This page links to on-line resources for confidence boxes and Quick Bayes, a kind of robust Bayes analysis that uses these structures in place of uninformative priors. It also includes code in the R programming language that implements possible solutions to several of the challenge problems, along with pictures of the generated solutions. A file of all of these implementations is linked at the bottom of this page. The R code assumes that the file pba.r, also linked at the bottom of this page, has been loaded via R's source function. The syntax of these codes would be slightly different if written for Matlab or Risk Calc.
The c-boxes that characterise inferential uncertainty about a probability value p (which is also known as the binomial rate) are shown below as binary data are collected. The c-boxes are shown in blue.

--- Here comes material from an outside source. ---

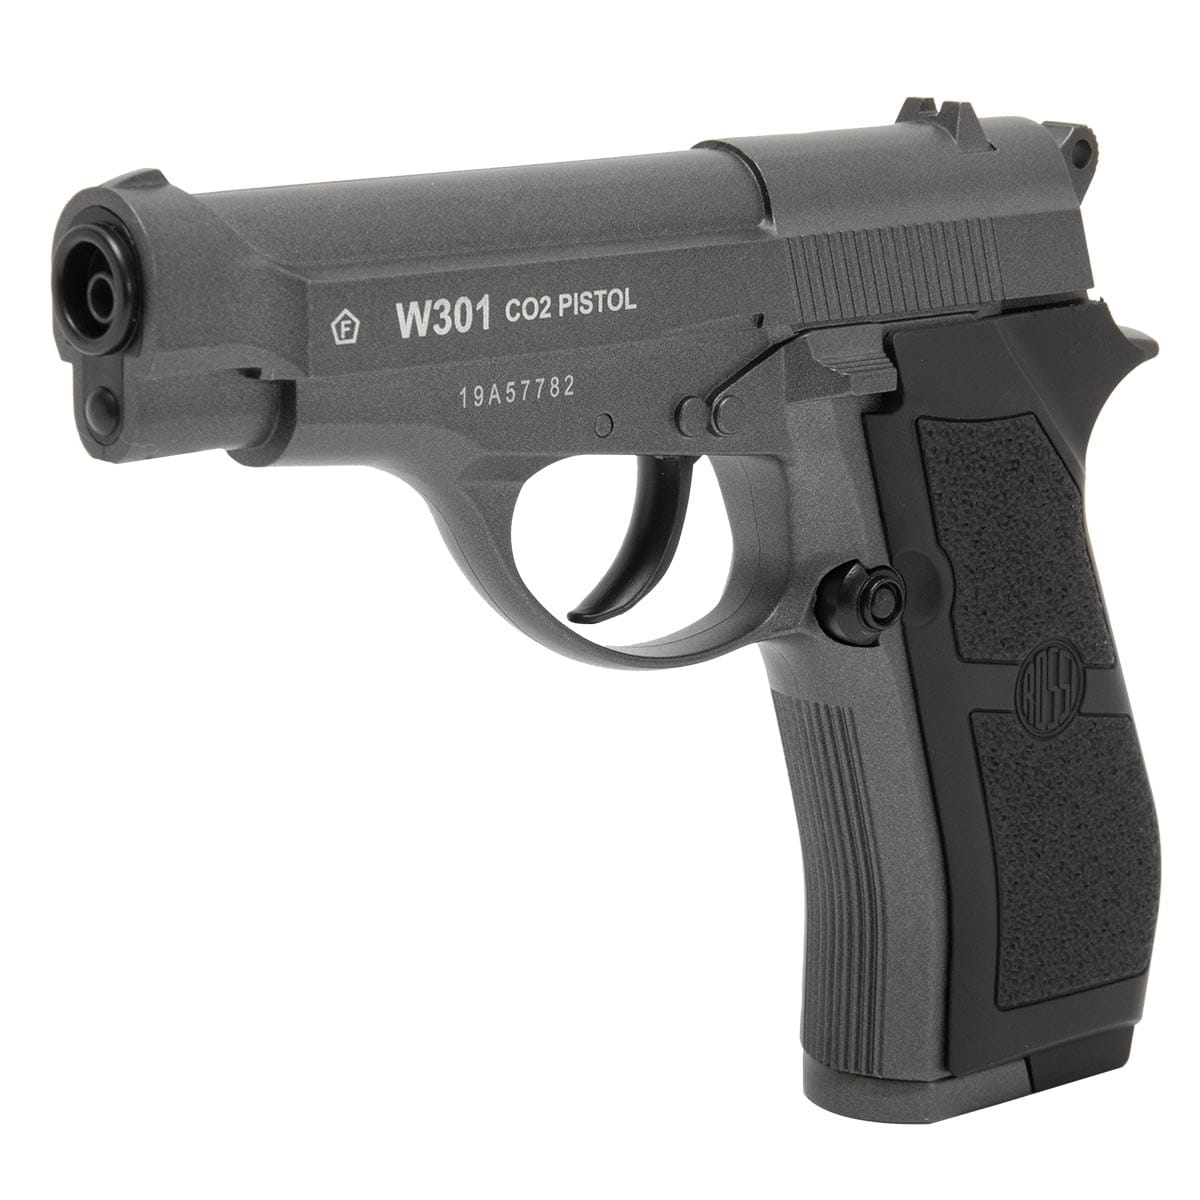 Pistola W301 CO2 Wingun 4,5mm Full Metal + kit

These graphs are the result of a Monte Carlo simulation based on a true value for p of 0.4 which is depicted by the dotted line in each graph. The simulation involves the accumulation of 24 binary observations (zeros and ones), and each subsequent graph shows the c-box that would be obtained as each new observation arrives.
The first graph in the upper, left-hand corner depicts the 'dunno' interval corresponding to total ignorance about p before any data are collected. This is the c-box for p in the uninformative case before any observations are made.
When the first binary observation arrives, it is a one. This is represented by the green line on the right side of the second graph at one. The vacuous dunno interval then contracts to the triangular c-box. The second binary observation is a zero, and causes further contraction of the resulting c-box.
After 24 observations, the c-box approaches the beta distribution that a traditional Bayesian analysis based on a Jeffreys prior would yield for the same data. Asymptotically, it approaches the step function at the value p = 0.4.
Click on the display below to make it slightly larger.
Here is the code that created the graphs above:
source('pba.r')
p = 0.4
k = n = 0
par(mfrow=c(5,5))
for (i in 1:25) {
b = kn(k, n) # compute the c-box, this function is in pba.r
plot(b, col='blue', xlim=c(0,1), lwd=2, xaxt='n', yaxt='n', ann=FALSE)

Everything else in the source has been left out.